You help me understand why the mainstream press is in such bad shape these days. Shoddy Lazy Journalism is accepted as standard industry practice.
Third time's a charm (Score:2, Insightful)
Every Fortune 1000 company has hurtled down this obstacle course and has the scars to prove it. It is an expensive journey, but there doesn't seem to be any way around it. As some say, "Pay now or pay later." Multiple iterations of large projects are the norm, not the exception and I believe are an inevitable learning curve that can't be avoided - a rite of passage so to speak. The only disconnect in the FBI's project was thinking that it could be done right the first time at any cost or in any timeframe.
Why? Because half the issues are cultural and derive from the dynamics of the organization which needed to change after 9/11. No vendor or project manager or JAD team can solve for that - they were caught in the middle of a paradigm and culture shift that they had no control over and may not even have been fully aware of or able to articulate and document. The fact that their JAD sessions lasted 6 months is surely proof enough that the organization wasn't ready to talk to IT developers.
Setting aside the lapses in personal competence (e.g. great effort to collect trinkets and souvenirs for scrapbooks while putting a value judgement on valid criticism and calling it "disruptive"), at the end of the day, you can't design what you can't conceive. They didn't know what they didn't know. Now, somewhat older and wiser, perhaps they know quite a bit more, but I doubt they (the FBI organization) know enough to get it right.

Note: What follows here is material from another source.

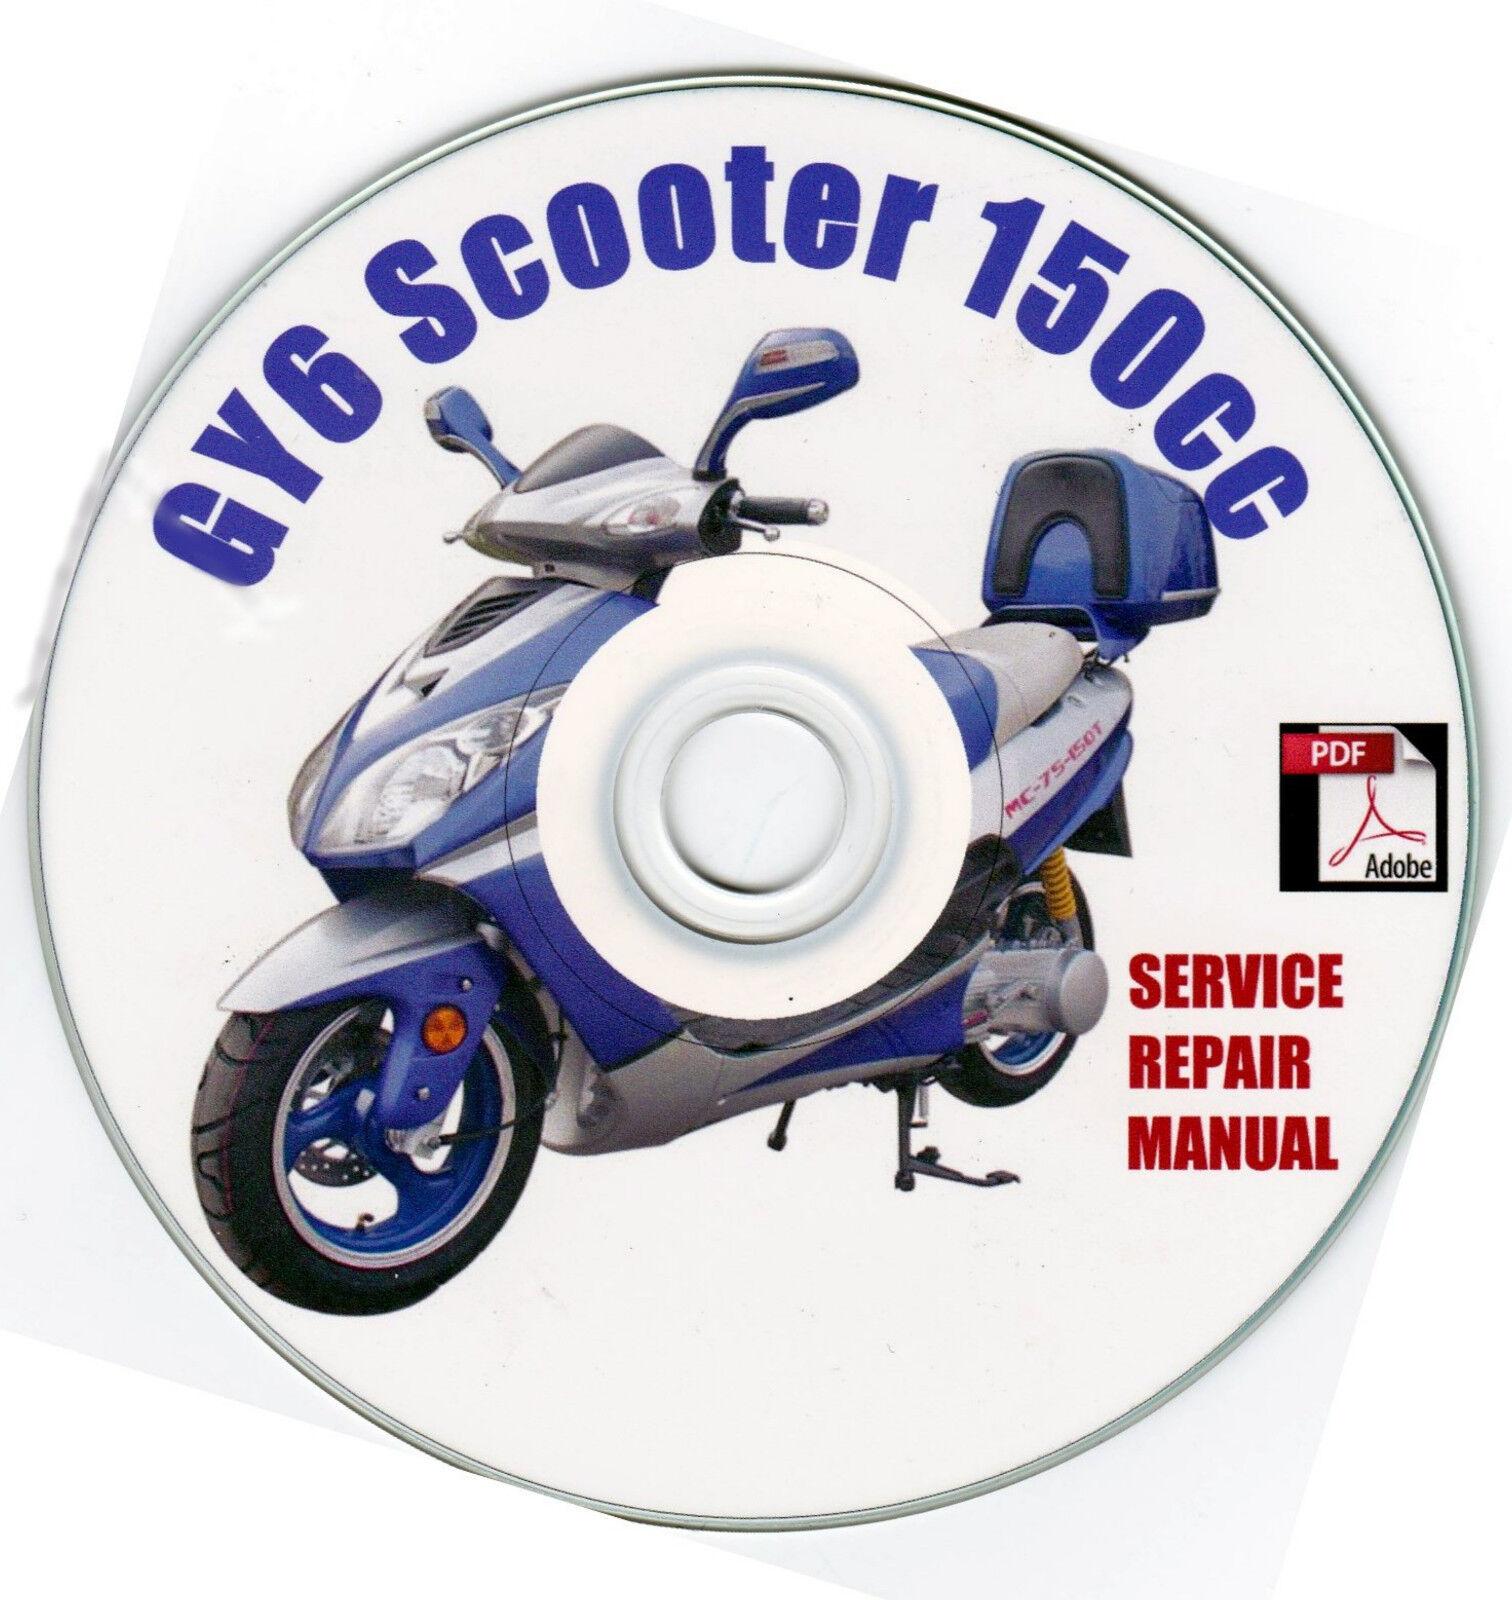 scooter 150cc gy6 qmj service repair shop manual on cd vip peace rh ebay com VIP Future Champion Scooter Manual Peace Sports Scooter Model 1978

One of the "graybeards" in the IEEE article predicts it will be 2010 or 2011. But that will only be the second time. I say it will be more like 2015 for a third try before they will really know with any confidence what they actually knew about the hijackers before 9/11 and have enterprise application systems that are world class and interoperable both within the FBI and externally with other intelligence and law enforcement agencies.